Sage grouse won’t be declared endangered |

Sage grouse won’t be declared endangered

The sage grouse, whose vast range spans 11 Western states, does not need federal protections, the Interior Department said Tuesday, following a costly effort to reverse the species' decline without reshaping the region's economy.
AP | Rawlins Daily Times

Federal wildlife officials won’t list the greater sage grouse as endangered, an announcement applauded by local ranchers.

Ben Wurtsmith, a lifelong Eagle County rancher in McCoy, said he’s happy they’re not endangered, but he’d like to see the kinds of numbers he recalls from years ago.

“Until a few years ago there were sage grouse all over,” Wurtsmith said.

Announced in Colorado

The U.S. Fish and Wildlife Service announced that the rangewide population of greater sage grouse does not warrant protection under the Endangered Species Act.

Interior Department Secretary Sally Jewell announced the decision in Commerce City, near Denver.

The agency’s decision affects sage grouse efforts on 167 million acres in 11 states, including Colorado. The ranch land in Eagle County encompasses some of the southernmost sage grouse range.

More than half of the land that makes up sage grouse habitat is public, managed by the Bureau of Land Management and the U.S. Forest Service.

Wurtsmith said sage grouse habitat is like time: “We have plenty, but none to waste.”

“There’s a lot of BLM land, sagebrush and habitat for the birds,” Wurtsmith said.

He said he supports all the conservation efforts and is happy to see so many people working together.

Still, as far as they’ve come, there’s still a long way to go.

“I’d like to see them back in numbers that they were in years ago. I don’t like that they’re getting scarce,” Wurtsmith said.

Much of the conflict revolved around human impacts on sage grouse habitat, such as oil and gas development and livestock grazing.

“Some people think grazing is bad for them, but there are fewer cattle now than there used to be,” Wurtsmith said.

Keep up the good work

For many of the groups involved in saving the sage grouse, the announcement comes with a cautious sense of relief.

“For years, sportsmen, ranchers, developers and biologists have anxiously awaited the day when the sage grouse listing decision would be made,” said Steve Riley, president and CEO of the North American Grouse Partnership. “Now, it is imperative that these collective conservation efforts are implemented and monitored for effectiveness in the long-term if we are to avoid winding up with sage grouse again at risk further down the road.”

Not a believer

House Committee on Natural Resources Chairman Rob Bishop (R-Utah) said he isn’t buying the Obama administration’s company line.
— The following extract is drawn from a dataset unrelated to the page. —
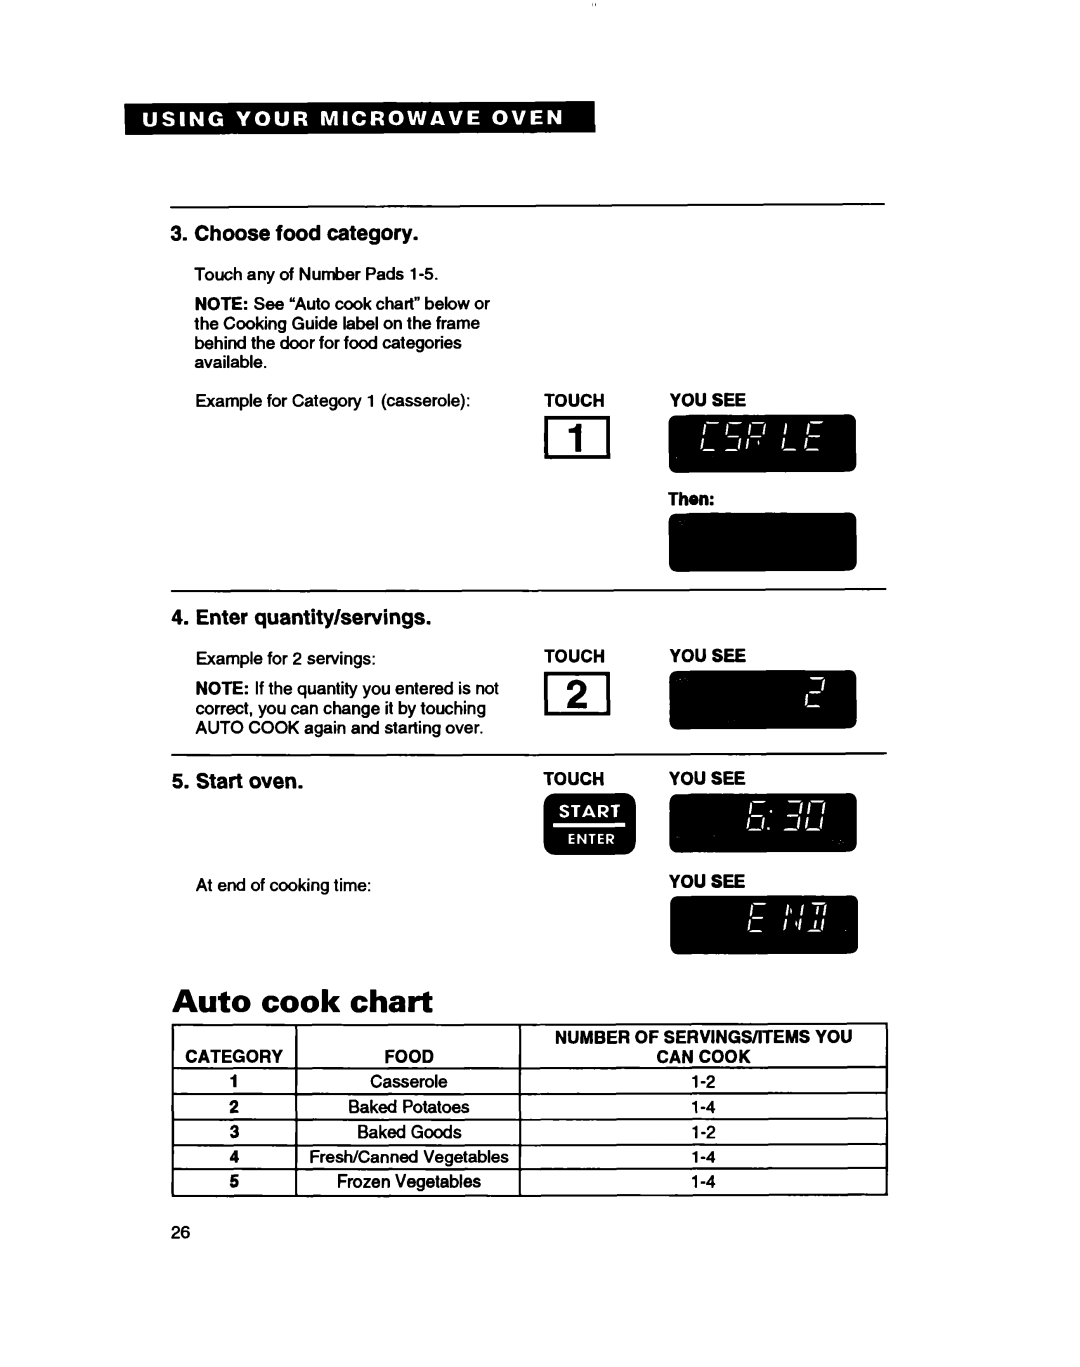 Whirlpool MH7110XB warranty cook chart, Choose food category, Enter quantity/servings, Auto, Start oven

“Do not be fooled. The announcement not to list the sage grouse is a cynical ploy,” Bishop said. “With the stroke of a pen, the Obama Administration’s oppressive land management plan is the same as a listing. Now, successful conservation done at the state level will be in vain.”

Bishop said the Obama administration’s real goal is still to control the West.

“Some Western governors see this for what it is, and I will work with them to ensure the rational plans created at the grassroots level that solve the problem will be the way forward to protect this bird,” Bishop said.

Polis lauds the decision

Boulder billionaire Jared Polis’ 2nd Congressional District includes some of Eagle County but negligible amounts of sage grouse habitat.

Polis, a Democrat, serves on the House Natural Resources Committee, with Bishop and sees things from a different perspective.

“Today’s announcement represents what can happen when people across the political divide and throughout different levels of government come together over a common cause,” Polis said in a statement. “The fact that this announcement was made in Colorado speaks volumes about the ability of our state to bridge the partisan divide and overcome Washington dysfunction for the best interests of all involved — ranchers, grazers, landowners and conservationists alike.”